Exercise — Begin at the line containing "Rukavice Nike GK Match J - modrá/bílá" and copy exactly through the last line of the listing, skipping every picture.

Information shown —
Content starts

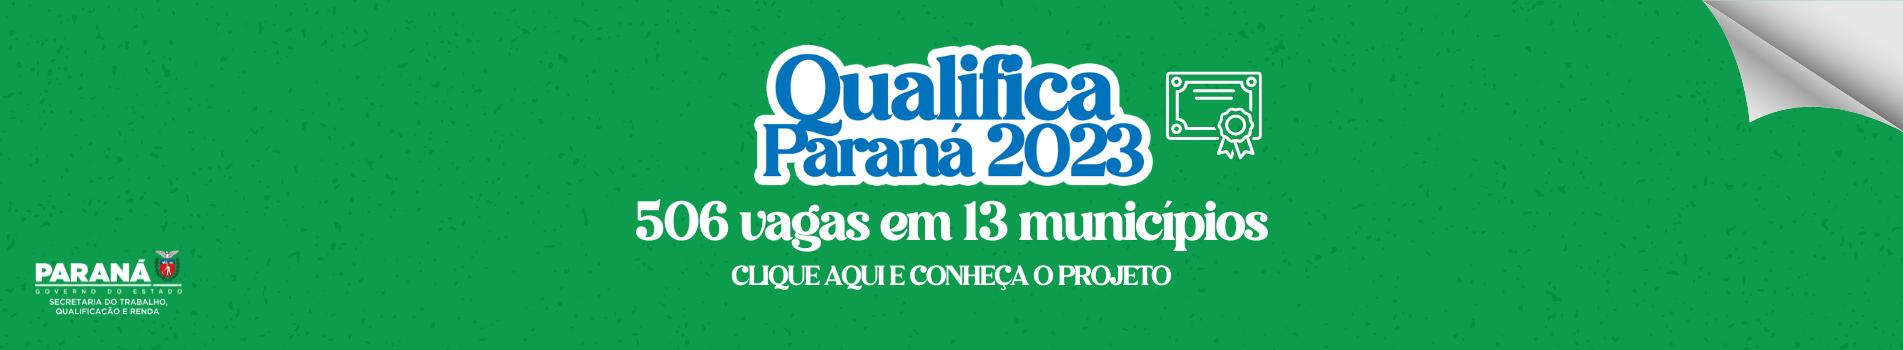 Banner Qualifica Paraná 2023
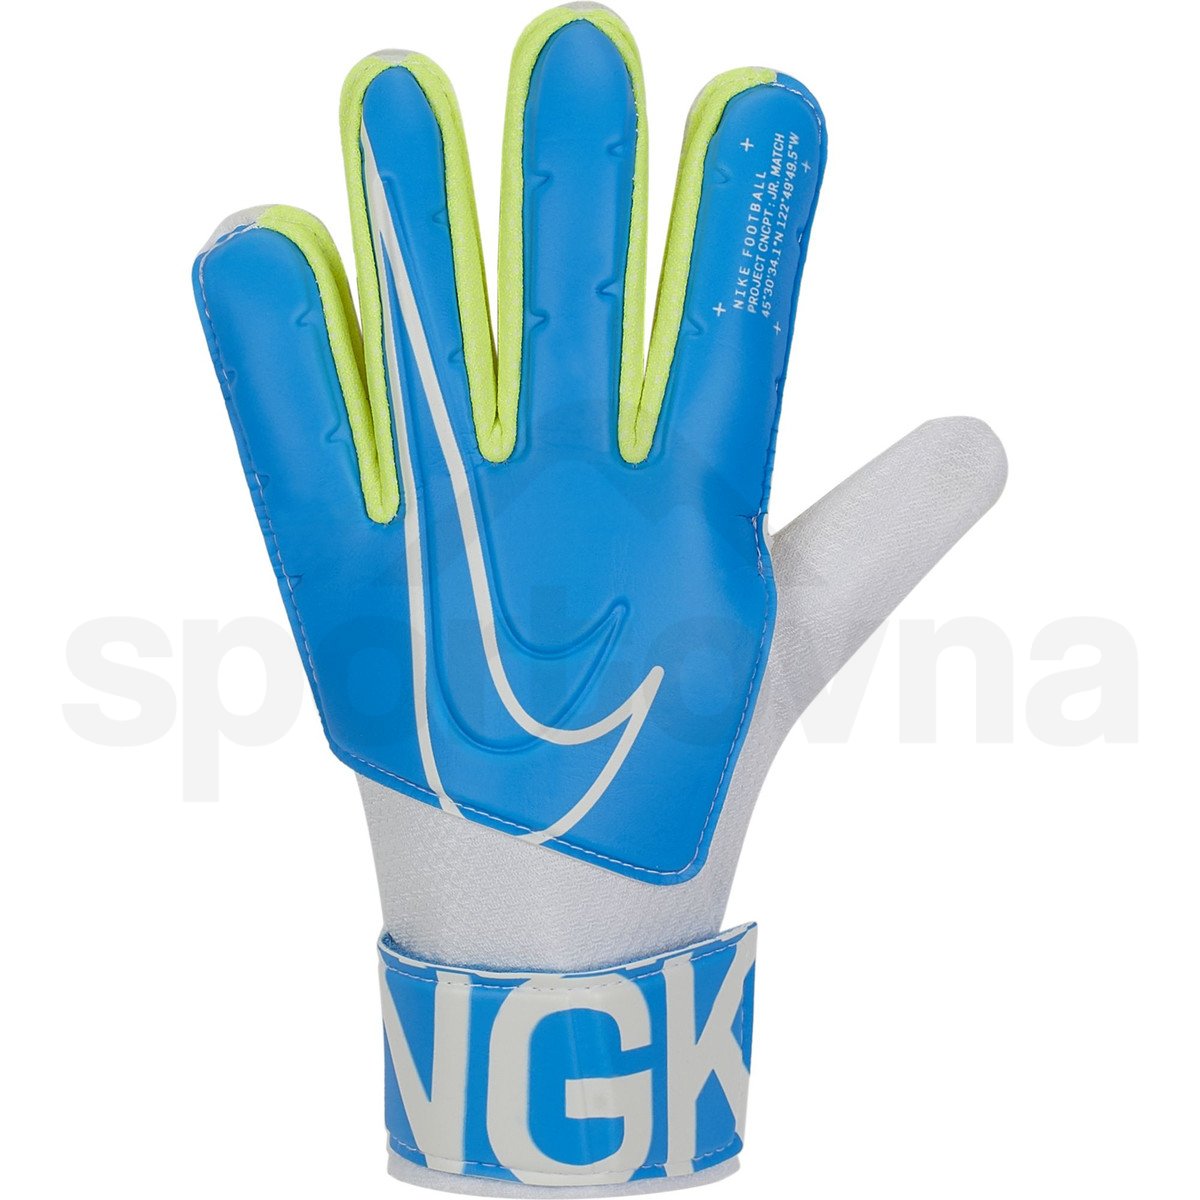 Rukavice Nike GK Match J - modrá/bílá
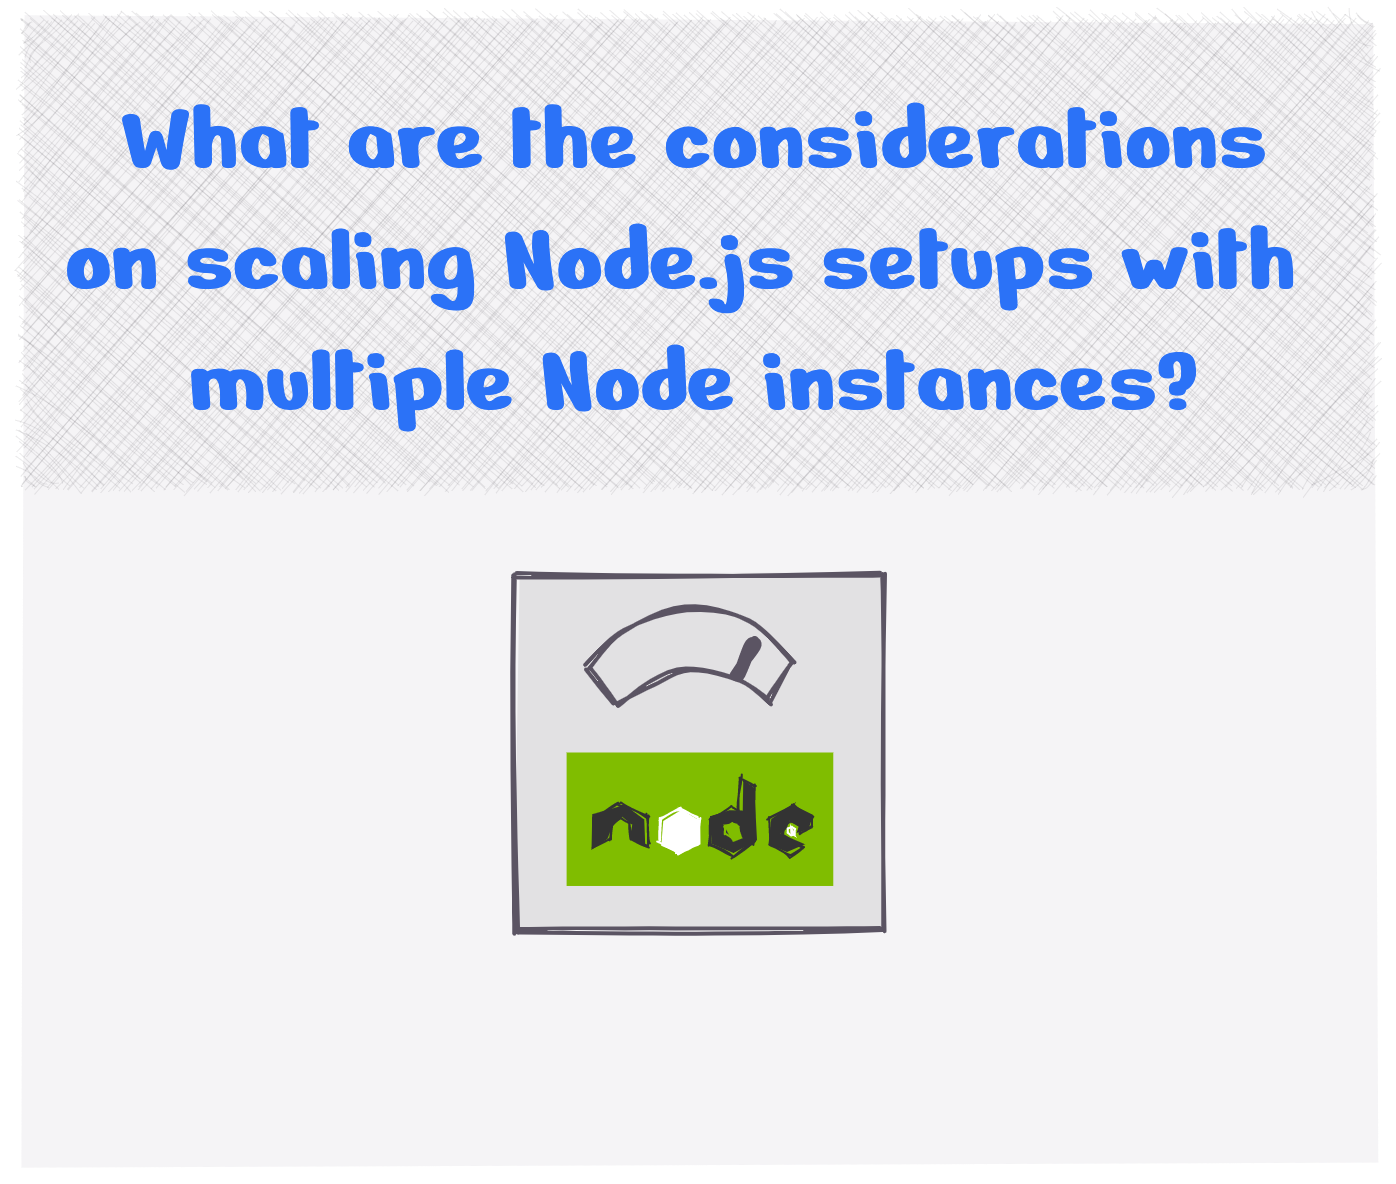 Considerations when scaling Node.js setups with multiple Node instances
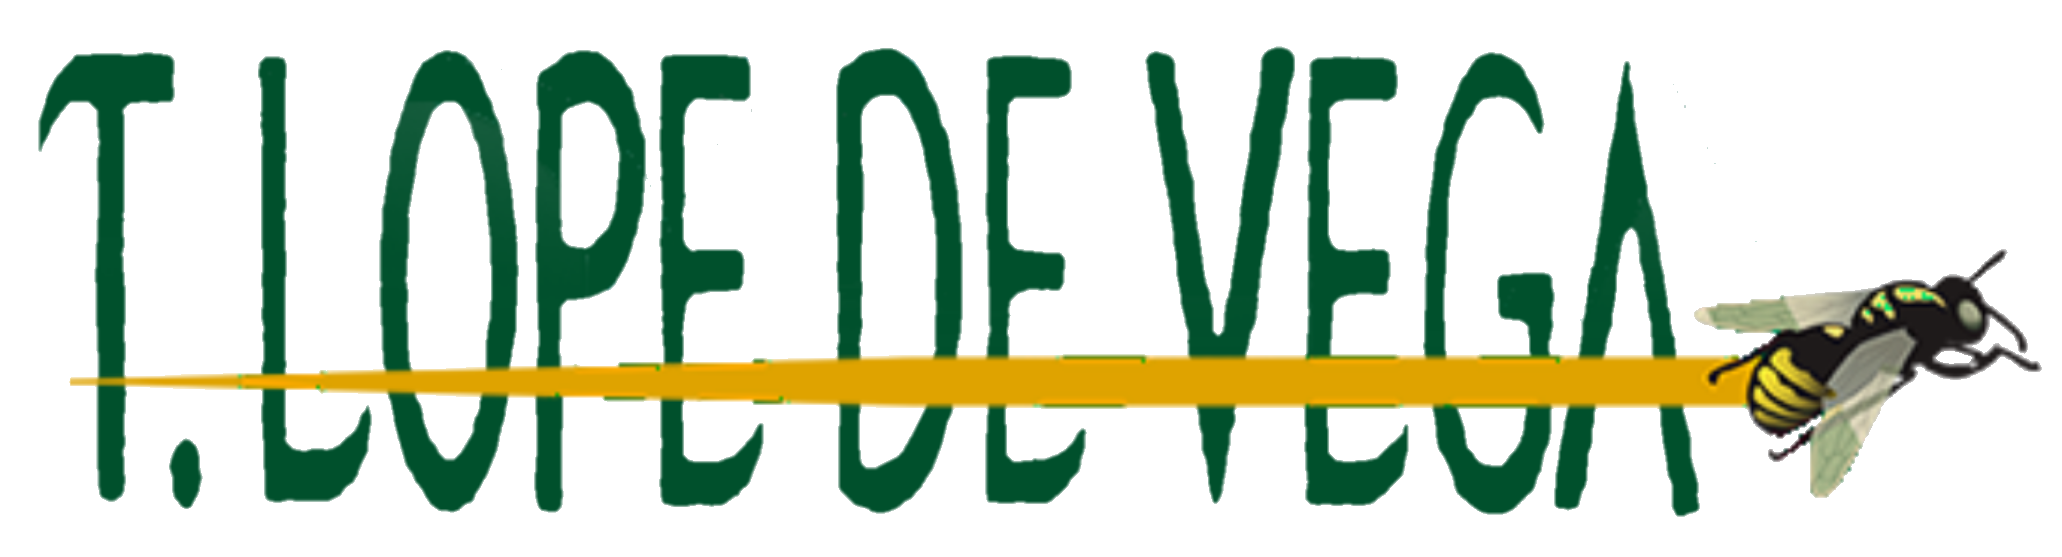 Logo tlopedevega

Content ends

Solution below —
 Rukavice Nike GK Match J - modrá/bílá
 Considerations when scaling Node.js setups with multiple Node instances
 Logo tlopedevega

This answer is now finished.